Senate Majority Leader Harry Reid has called his shot. Within three years, Reid believes, the Washington Redskins will change their name.
Reid’s prediction, made by phone to the Washington Post, comes after the team launched the “Washington Redskins Original Americans Foundation.” Reid dismisses the move as “a phony deal, like everything [owner Daniel Snyder has] done.”
“Dan Snyder, he’s got a great new deal,” Reid told the Post. “He’s going to throw a few blankets to the Indians and get a tax deduction for it. I can’t imagine why the man doesn’t realize that the name is going to change. It’s only a question of when it’s going to change. That’s the only question. . . .
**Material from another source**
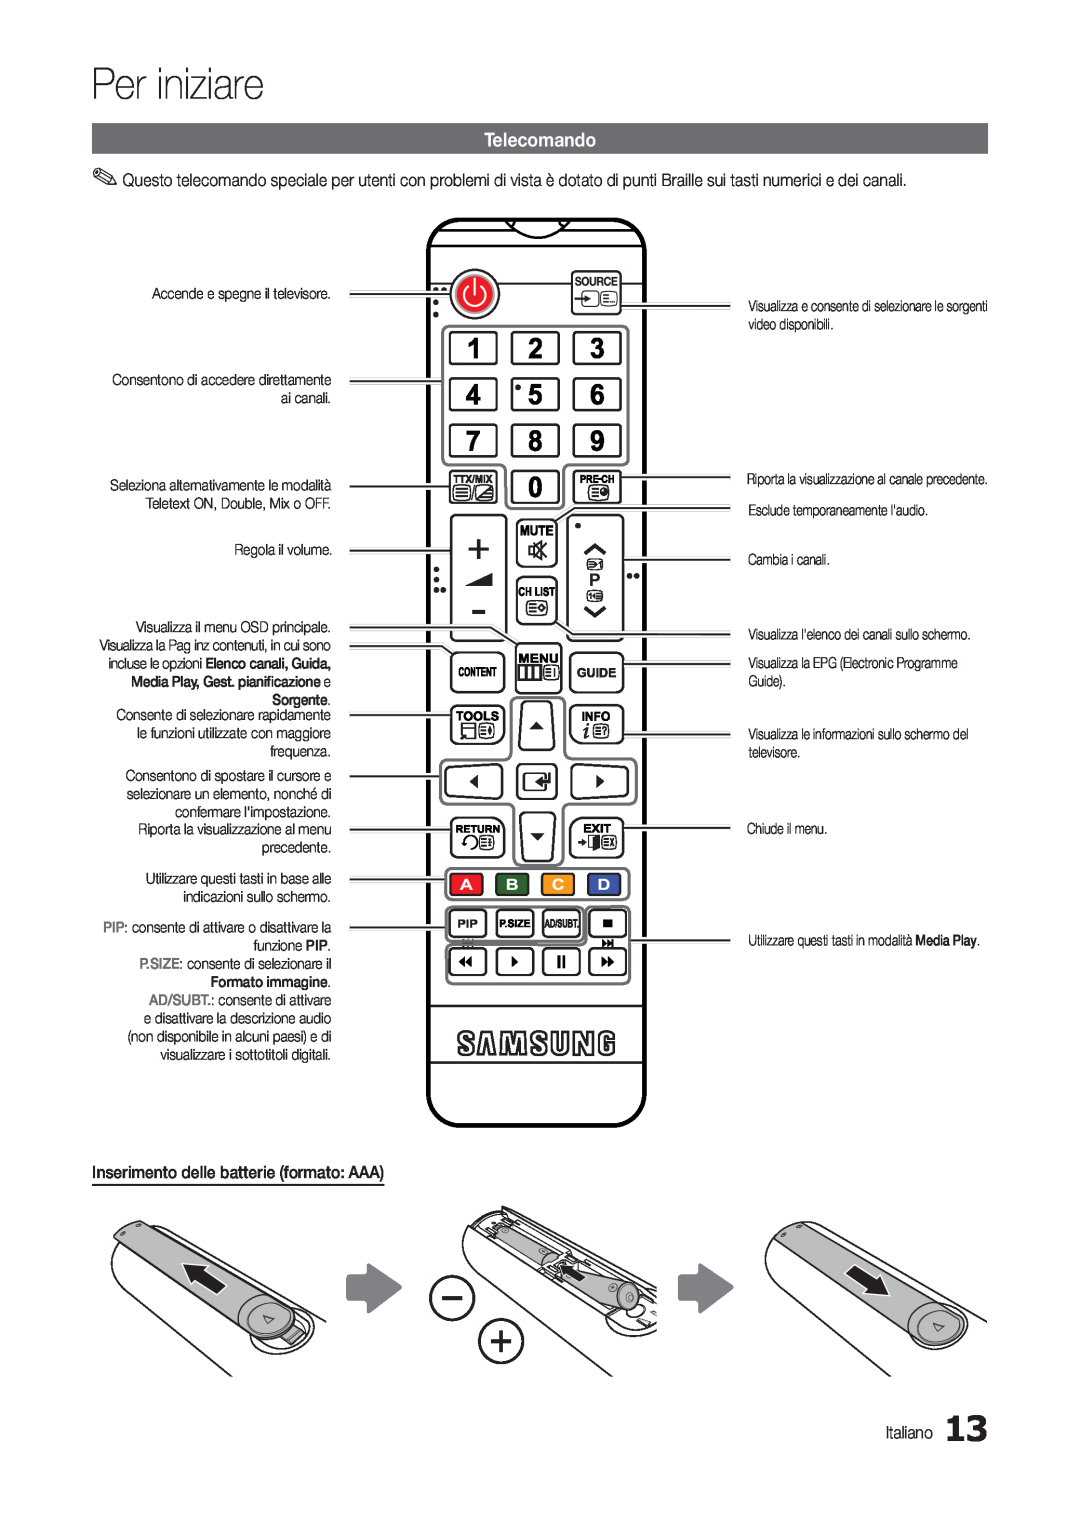 Samsung LT24B300EEZ/EN manual Telecomando, Per iniziare, Regola il volume, Riporta la visualizzazione al canale precedente

“And Snyder has to realize, he is on the losing side of history. And the sooner he does it, the better off we are. The Wizards, you know, they were the Washington Bullets. With all the killing that took place, the murders in Washington, Abe Pollin -- a very nice man -- decided ‘I don’t need any of this.’ So they changed it to the Washington Wizards. We’re all used to the Washington Wizards. And I don’t know what [the Redskins will] change the name to, but we’ll get used to it really quick.”
That’s where Reid is wrong. The issue has become too polarized in the past year to make the proponents of the name move on. While the name inevitably will change at some point in the next 50 years, the debate over whether the name should change back will rage for up to 50 more.
For the NFL, the question becomes whether the league wants one of its 32 franchises to have a name that invites constant scrutiny on the question of whether it is offensive. On one hand, it’s another subplot for the ultimate reality show. On the other hand, it’s the kind of thing that could help Mark Cuban’s cockeyed vision of an eventual pro football implosion come to fruition, if/when the league is ignoring what eventually will become a majority of American voices calling for the name to change.
That’s the latest date on which the change will happen -- when it’s clear that most Americans agree that the passage time has made the use of the word “Redskins” unacceptable in any context, regardless of historical use, honorable intentions, or charitable contributions. It could happen before then; it won’t happen much long after.